◆ **Your instructions**
Quote exactly and only this range of lines in the data below: the line that holds "Crystal San Francisco" to the line that holds "illuminated Christmas tree", both included.

◆ **Exercise data**
********************
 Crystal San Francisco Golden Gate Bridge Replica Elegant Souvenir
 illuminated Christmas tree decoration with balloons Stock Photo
********************
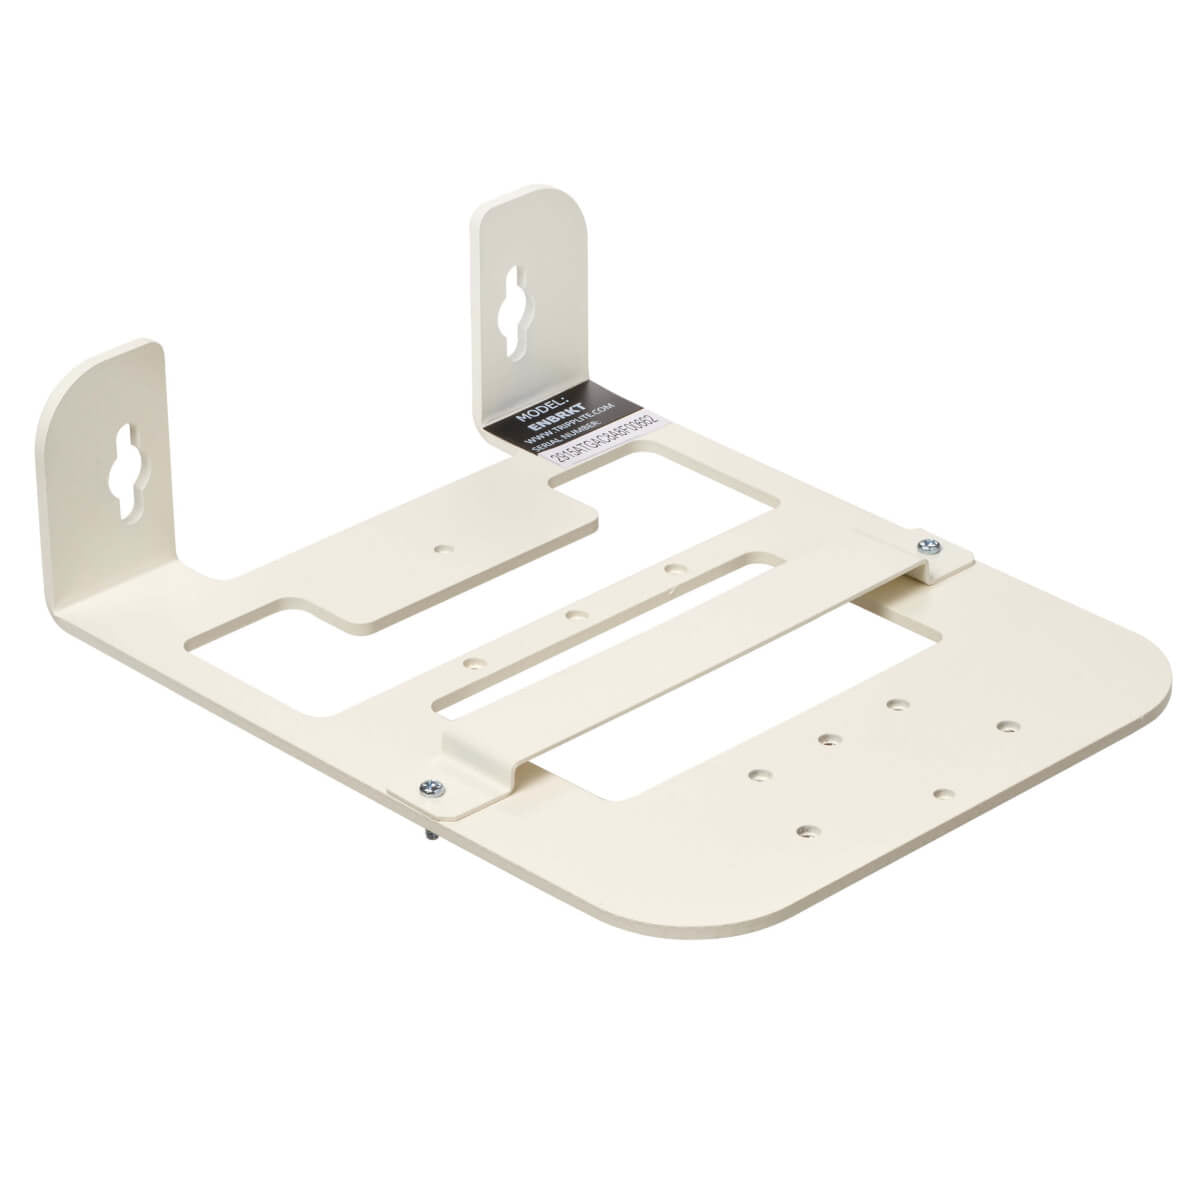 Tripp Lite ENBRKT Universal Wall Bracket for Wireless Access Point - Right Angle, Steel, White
********************
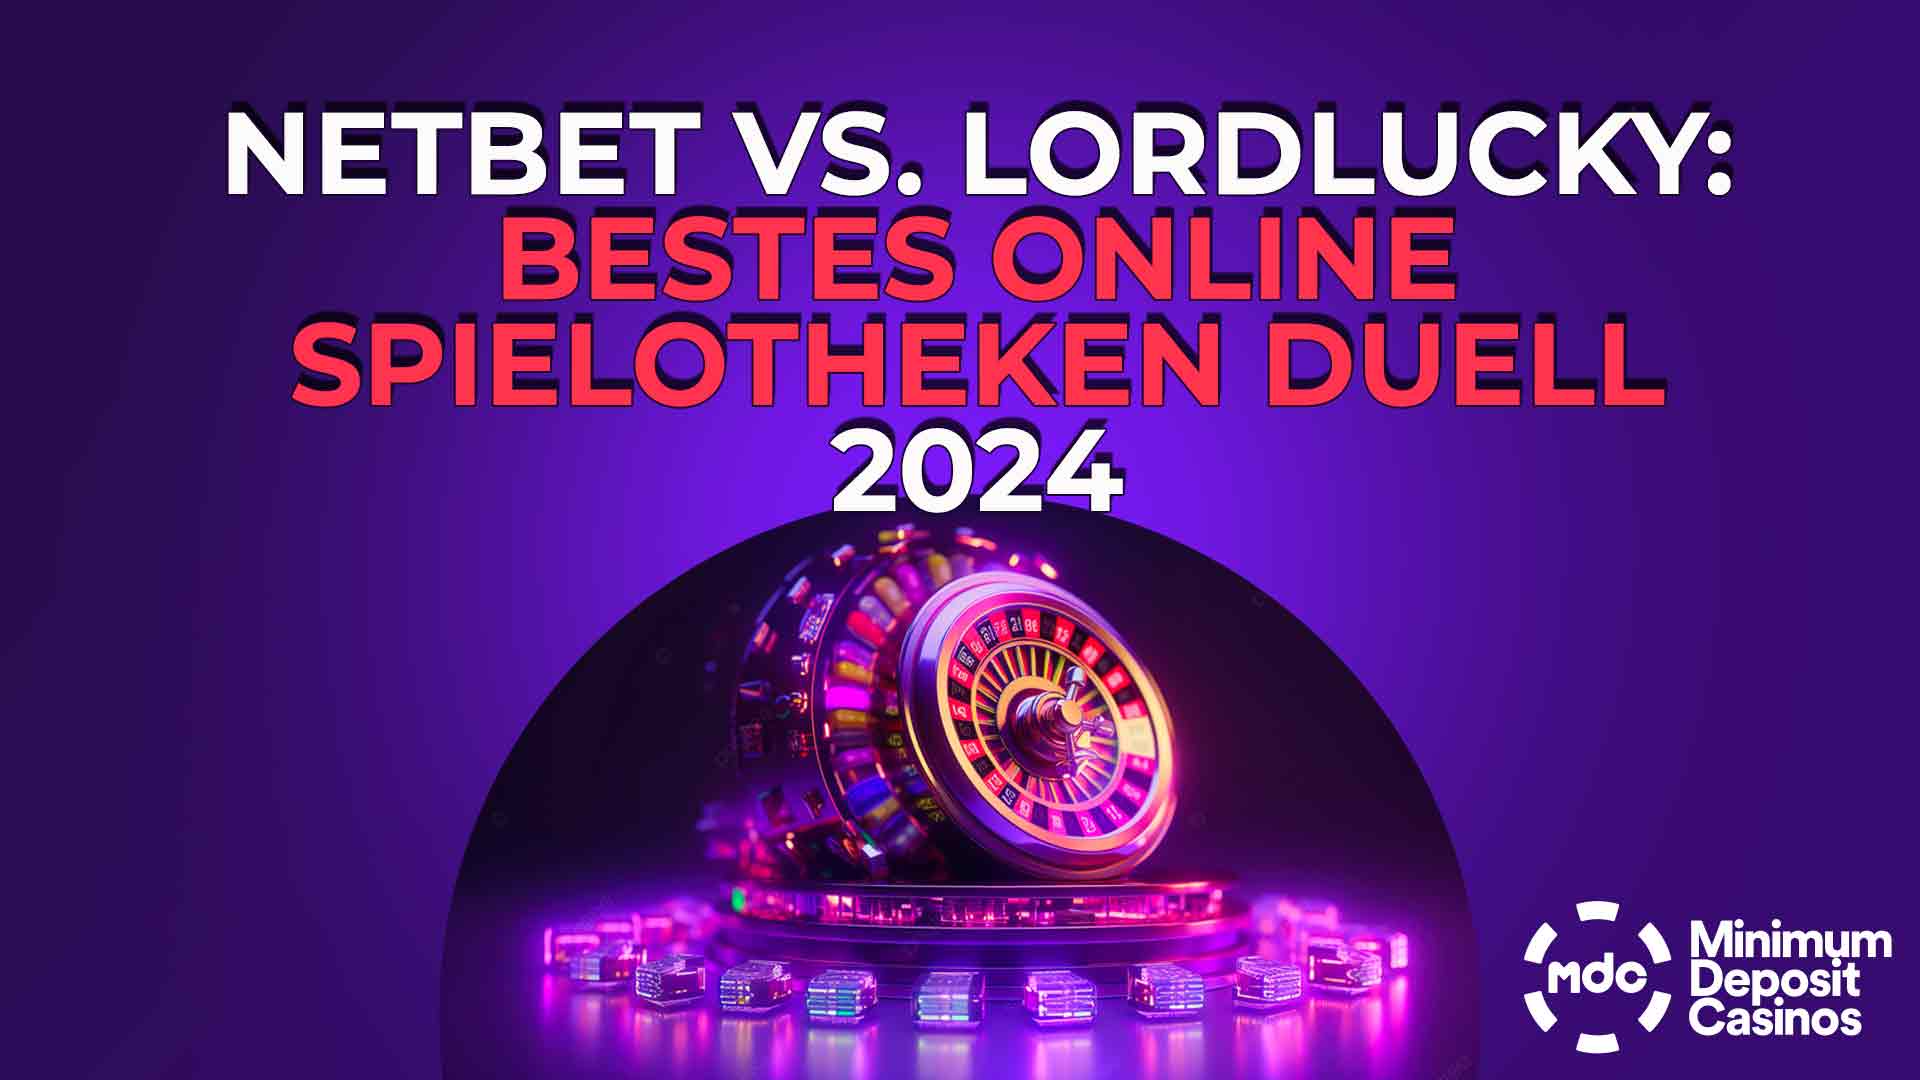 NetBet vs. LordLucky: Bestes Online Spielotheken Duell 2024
********************
◆ **The completed task**
 Crystal San Francisco Golden Gate Bridge Replica Elegant Souvenir
 illuminated Christmas tree decoration with balloons Stock Photo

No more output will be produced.